Global oversupply that has pulled spot LNG prices down by more than 50 percent over the past half-year has producers succumbing to consumer demands for fuel on shorter notice and without sourcing or destination restrictions.
“A more dynamic and liquid LNG market, and the need for greater flexibility by traditional LNG buyers, is providing opportunities for shipping optimization and trading, and enabling new entrants such as LNG traders,” said Saul Kavonic, head of energy research for Australia at Credit Suisse.
Royal Dutch Shell, holder of the world's biggest LNG supply portfolio, signed deals last year with Hong Kong's CLP Power, South Korea's SK E&S and Panama's Sinolam LNG for deliveries that could come from any of its global projects, according to an annual report published this month by the Paris-based International Group of LNG Importers (GIIGNL).
The Anglo-Dutch major is also adding new Australian project Prelude and its LNG Canada plant to its supply pool, which already includes fuel from Australia, Egypt, Peru and Russia.
Shell's LNG sales volumes hit 71.21 million tonnes in 2018, up 8 percent from the previous year, driven by increased LNG purchases from third parties and higher LNG output, the company said in its 2018 annual report.
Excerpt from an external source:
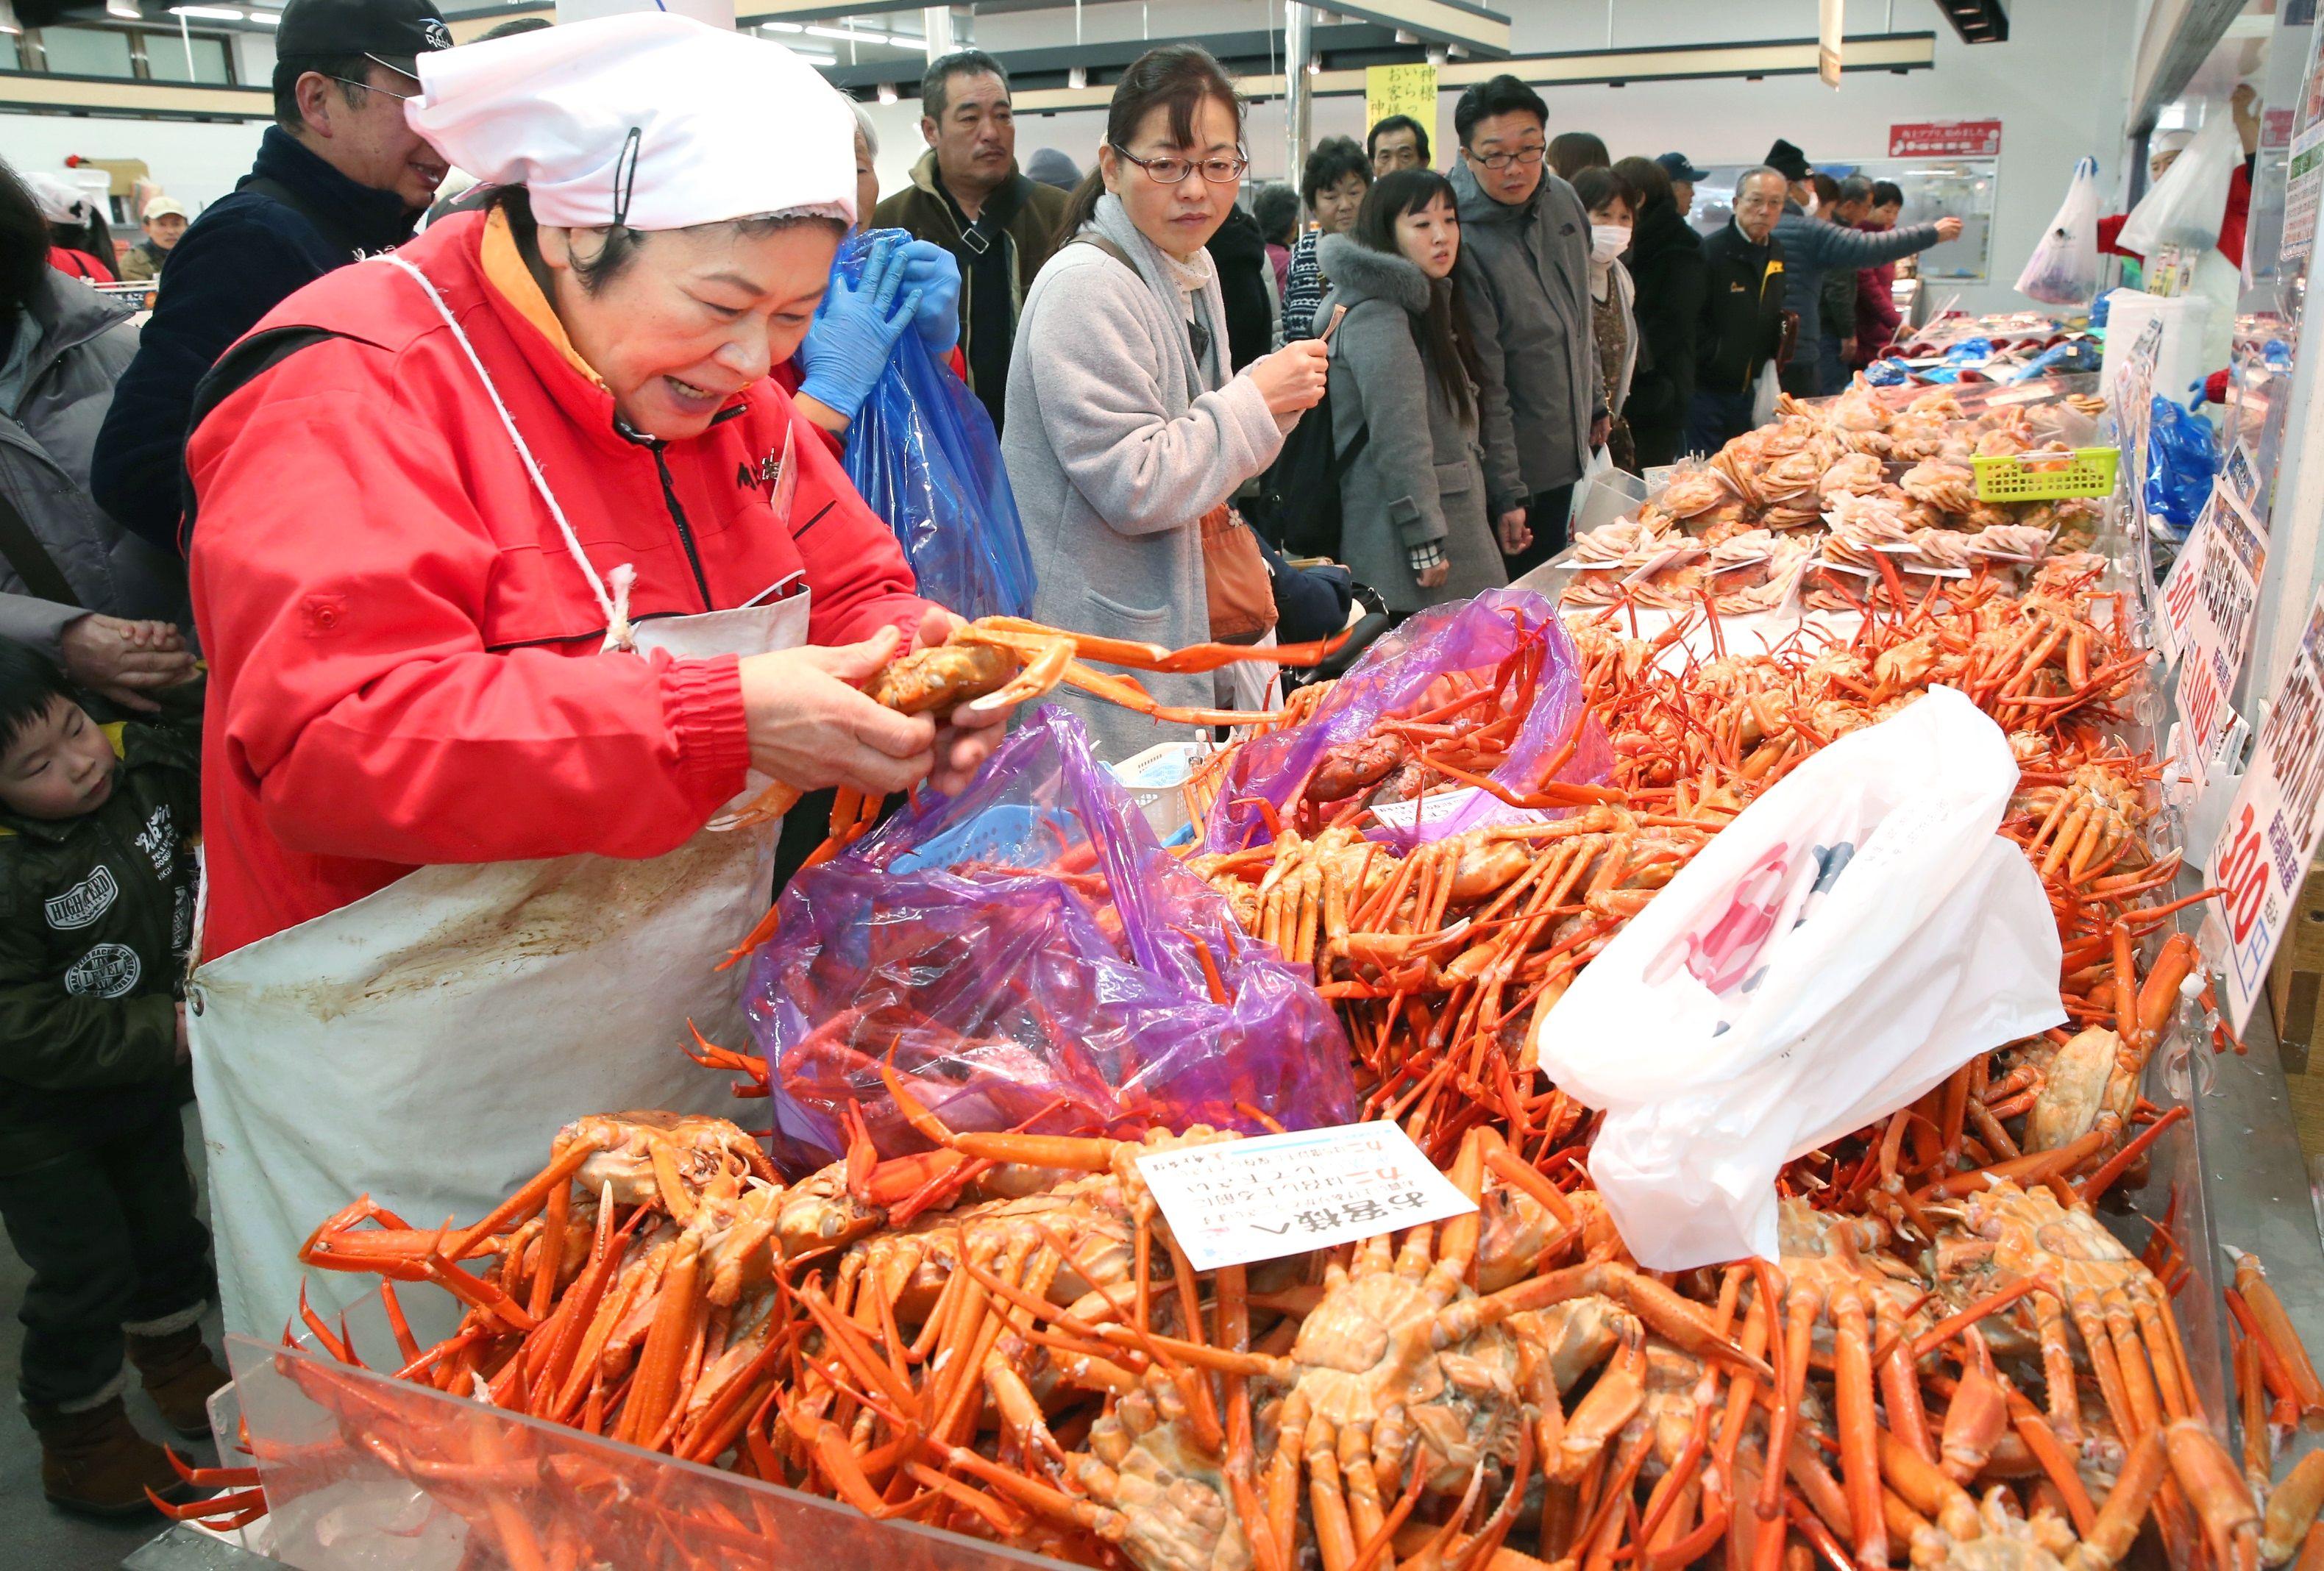 年末年始用の食材を求める買い物客でにぎわった魚の市場通り=29日、長岡市寺泊下荒町

“It's important that the industry can supply LNG to customers on the basis that they want to buy,” said Steve Hill, Shell's executive vice president for gas and energy marketing and trading, at a conference in Singapore in March.
France's Total, with the secondlargest LNG portfolio, will more than double its overall supply to about 40 million tonnes a year by 2020 from 2017, and out of that volume about 65 percent will have flexible destination or be reloadable, according to a company presentation on its website.
This comes with the start-up of new projects in Russia and Australia and as Total increases offtake volumes from third-party United States export sites.
Malaysia's Petronas - which handles production for the world's third-biggest LNG-supplying nation - also signed several shortterm deals last year from its portfolio including its first ever term deal with India.